Result for order 15 : Periodicity starts at 13,751 period is 13840
results found in 17.2002 seconds

Hats off to Antoni!

So beautifully (and quickly!) done.
Hi Antoni,

to enter your challenge is it a requirement to use strings? it seems like a char array (c++) would be the obvious container as a qb string is pretty limited. it's a nice, easy to concieve, implementable programming challenge. do you *need* the answers, or are you just interested in the challenge? I've worked 44 hrs this week mon-thurs and am too tired to write the code tonight (it'd be c++, not qb since c++ would be easier since we don't know the upper bound of the answer). Have another work day in 8 hrs...sucks...anyway...nice challenge. I'll look, with interest, at the outcome, and may code an answer next week.

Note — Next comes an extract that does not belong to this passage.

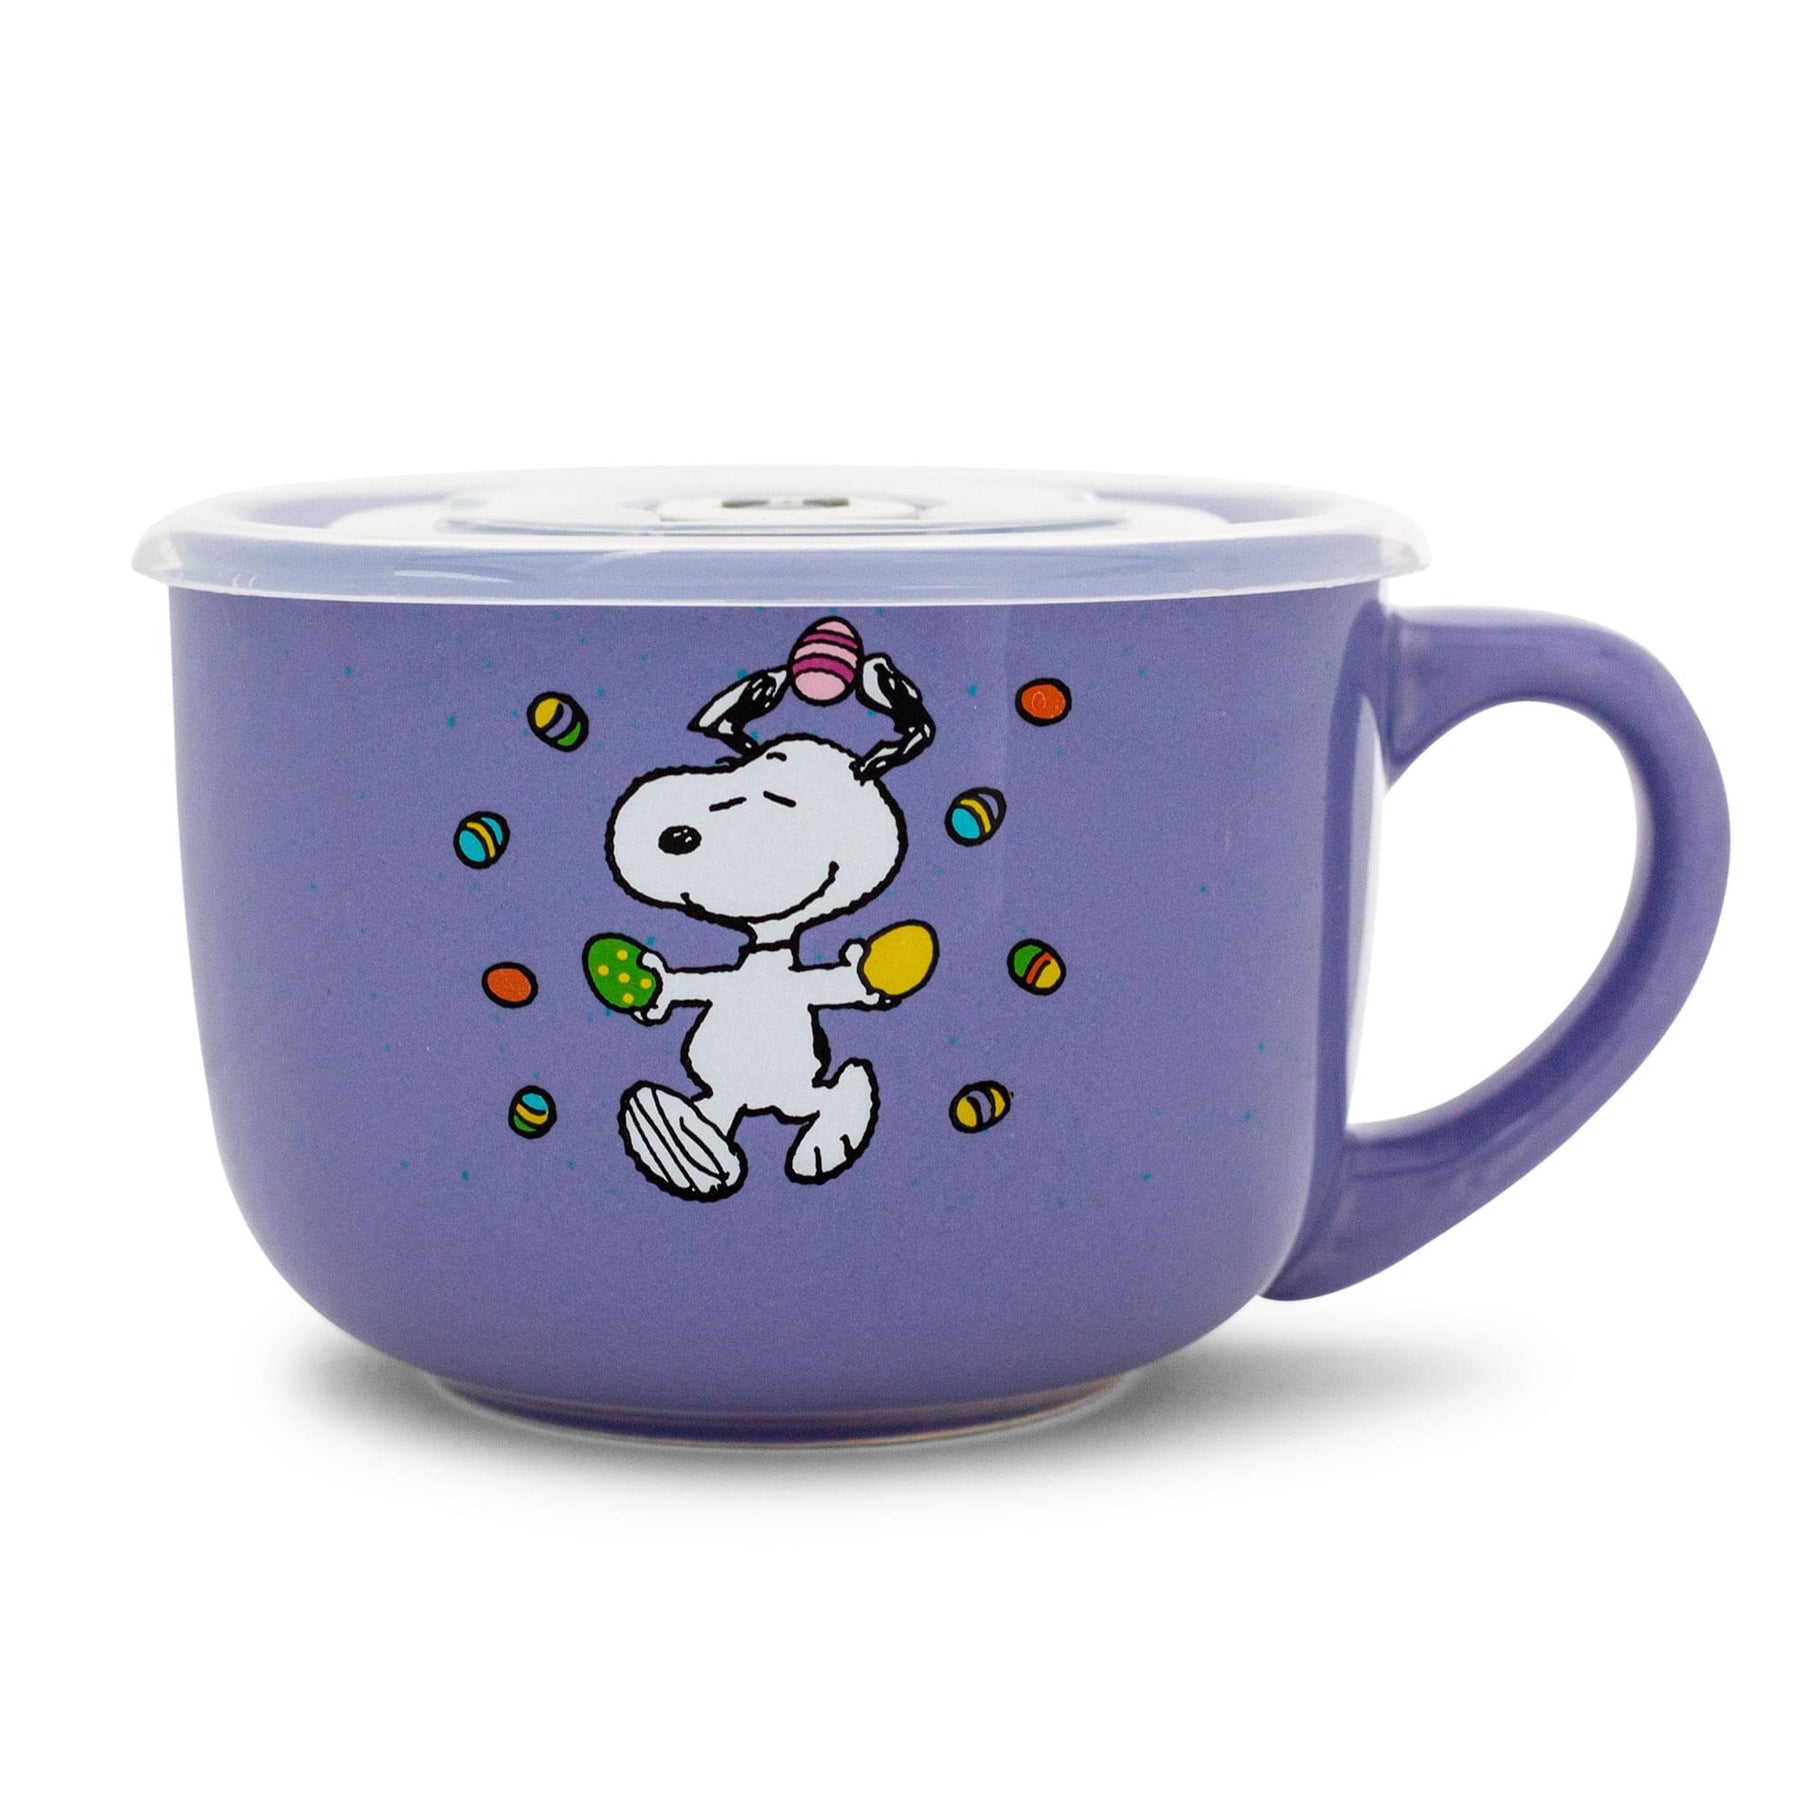 Peanuts Snoopy Easter Pastel Purple Soup Mug With Vented Lid | Holds 24 Ounces

First of all, get some rest...it's not my challenge, it's whodat´s Big Grin

However, it would be a good challenge to implement it using an arrray and a smart searching algorithm... FB needed 1 minute to scan the case of order 24.
I get all the same numbers as you except

Order 9 I get a period of 24405 starting at 67925

I can't do 13 yet because some of the additions are over 99.
Quote:Order 9 I get a period of 24405 starting at 67925

I believe Quibbler may have the right answer to order 9.

Quibbler states:
Starting point= 67925

String fragment at 67925:

String fragment at 92330 (67925+24405):

These are identical.


Antoni states:
Starting point=11606

String fragment at 11606:

String fragment at 20295 (11606+8689):

These do not match.
Nice challange. I would not have believed that a periodicity of several thousand was possible, but it is. For anybody who is interested the answer for 13 is

period 115552 starting at 5712.

The trick in qbasic is to dump the numbers on disk then search for sequences. oh and don't use strings - too slow.
23 is the biggest i've found with a period of 547811 starting at 79805.
I know this is getting obsessive - this is my last one honestly

for 31 the period is 5,506,975 and it starts at 4,160,374
Quote:I know this is getting obsessive - this is my last one honestly

for 31 the period is 5,506,975 and it starts at 4,160,374

...and to think I started this with a pad and pencil!